Tate steps down as wrestling coach
Terry Tate was instrumental in turning around the Tyrone wrestling program.
As coach, he led the Eagles to a combined 14 wins in the last two years, including a 7-4 mark this season. In his first three seasons, Tyrone had eight combined wins.
But Tate, who won a Class 2A state title as a wrestler for Tyrone at 275 in 2005, has resigned his position as head coach, citing work commitments as the funeral director for the Richard H. Searer Funeral Home Inc.
“We just bought a second funeral home (Feller Memorial Home), so my time is spread pretty thin,” Tate said. “I sort of let a couple people know throughout the year that this would be my last year as head coach. I was really busy this season. We sort of got hit with COVID pretty hard the end of November, throughout December, January and February.

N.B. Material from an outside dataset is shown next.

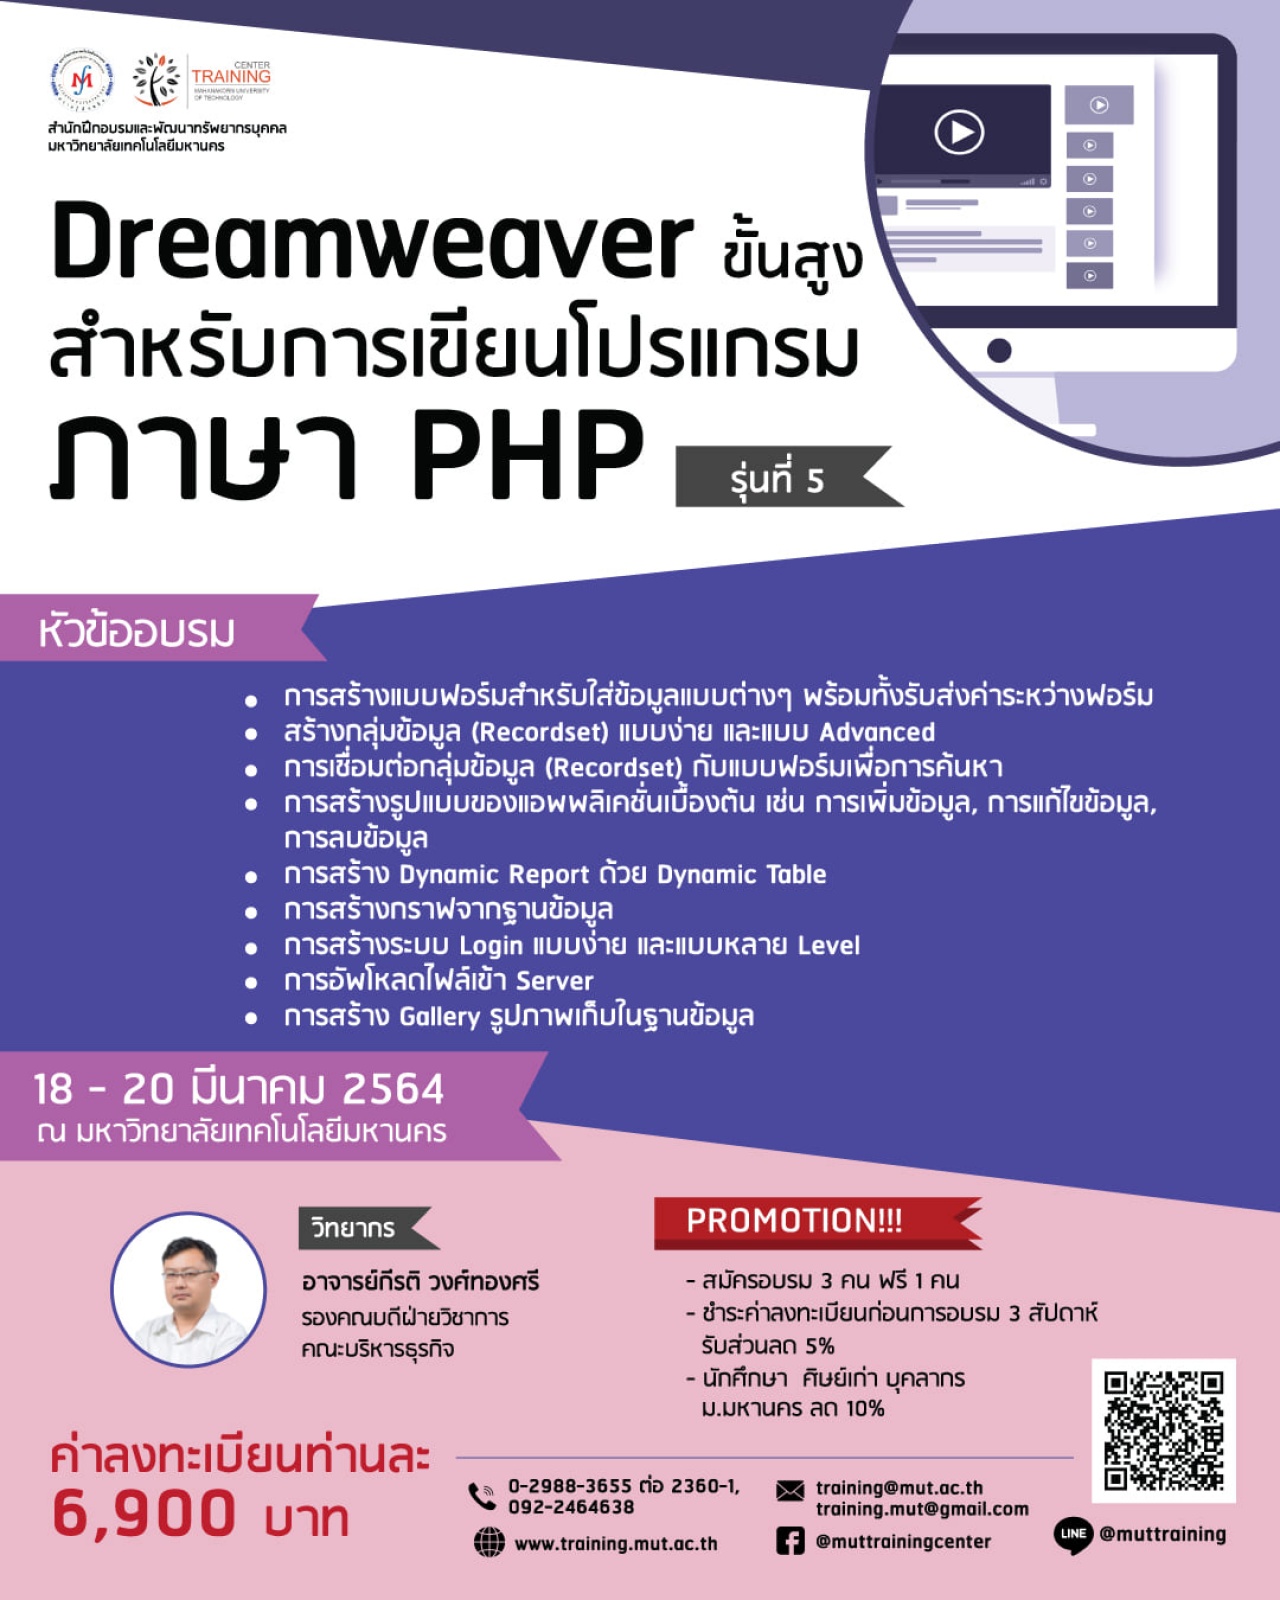 โครงการอบรม Dreamweaver ขั้นสูงสำหรับการเขียนโปรแกรมภาษา PHP (Advanced Dreamweaver for PHP Programming) รุ่นที่ 5

“We do roughly 55 to 60 funerals a year, and adding on a second funeral home that does about the same number of calls, we’re looking at about 120 calls a year. Being the owner and the only licensed director on staff right now, I don’t know what that looks like as far as time that I can devote to wrestling.”
Tate certainly had to multitask this season between work, coaching during a pandemic and being a husband to his wife Ashley. He was able to coach in every dual meet and tournament — except the one-day Southwest Regional because of a funeral.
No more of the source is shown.